Türkçe meali ile ‘Atölye İks’, bu kez de, yine ‘kaz kaz bitmeyecek’ bir sergiyi, son yerel seçimler ve havalimanı taşınması operasyonu vesilesiyle Türkiye’nin bitmek bilmez ilgi ve polemik kaynağı İstanbul’u yeniden merkezine aldığı ‘Birbirimizi Hak Edecek Kadar Kötüyüz‘ projesini 9 Mayıs’a dek izleyici ve katılımcıların ilgisine sunuyor.

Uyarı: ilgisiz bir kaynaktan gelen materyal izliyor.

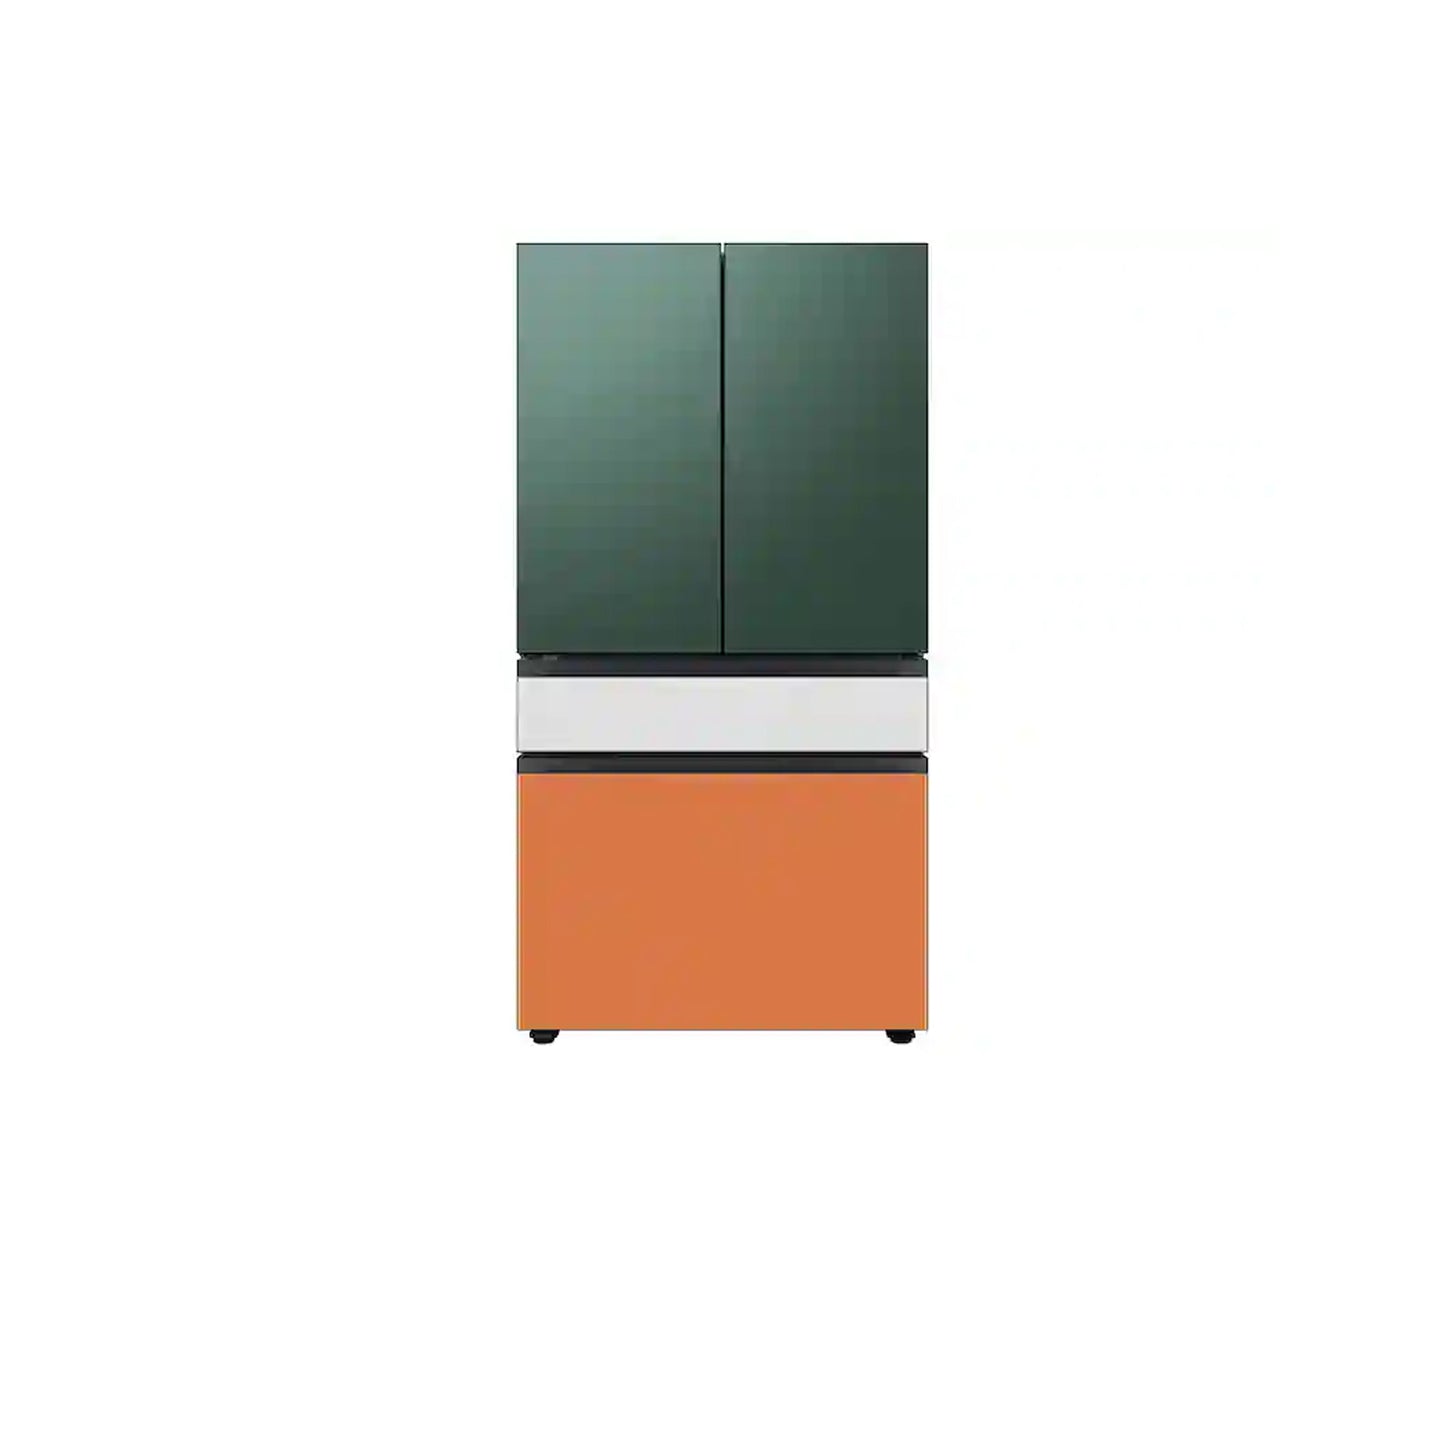 ثلاجة بباب فرنسي مصممة حسب الطلب بأربعة أبواب (23 قدمًا مكعبًا) مع ألوان لوحة الباب القابلة للتخصيص ومركز المشروبات™ باللون الأخضر الزمردي.

Nicelikteki bereketini, nitelikteki nezaket ve derinlikle eşgüdümlü kılmaya çalışan, koridorlarının tam ortasında, Gezi iddianamesine dair iddialı, ürkütücü ama dobra bir kara delik açan sergi, geriye baktığımızda yine aynı çatı altında açılmış sevgili Antonio Cosentino ve Extramücadele imzalı ‘Anne Ben Beton Dökmeye Gidiyorum’ sergisinin de ‘dedektifçilik’ ruhuna sahip. Zaten bu sergiyi gezdiğiniz esnada, bu etkinliğin yayını ile başka sürprizleri de bulabiliyorsunuz. Hatırlanacağı gibi, Ali Gün Yıldırım’ın şiirleri, Nâzım Dikbaş’ın sorularıyla zenginleştirdiği 2015 tarihli çalışmada, Gezi direnişi – hareketinin ve İstanbul’un görünmez (ya da görünmemesi için elden gelenin yapıldığı) organik belleğine yönelik, plastik ve hazır yığın çıkışlı bir keşif teşhiri yaşanmıştı.
İşte, bu yeni sergide de, Extramücadele takma ismini geride bırakmayı tercih ettiğini vurgulayan Erdener’in, şair Cihat Duman ile çıktığı İstanbul gezisinde oluşturdukları ‘fenomenler’ yer buluyor. Fenomenler tabiri tamamen ikiliye ait.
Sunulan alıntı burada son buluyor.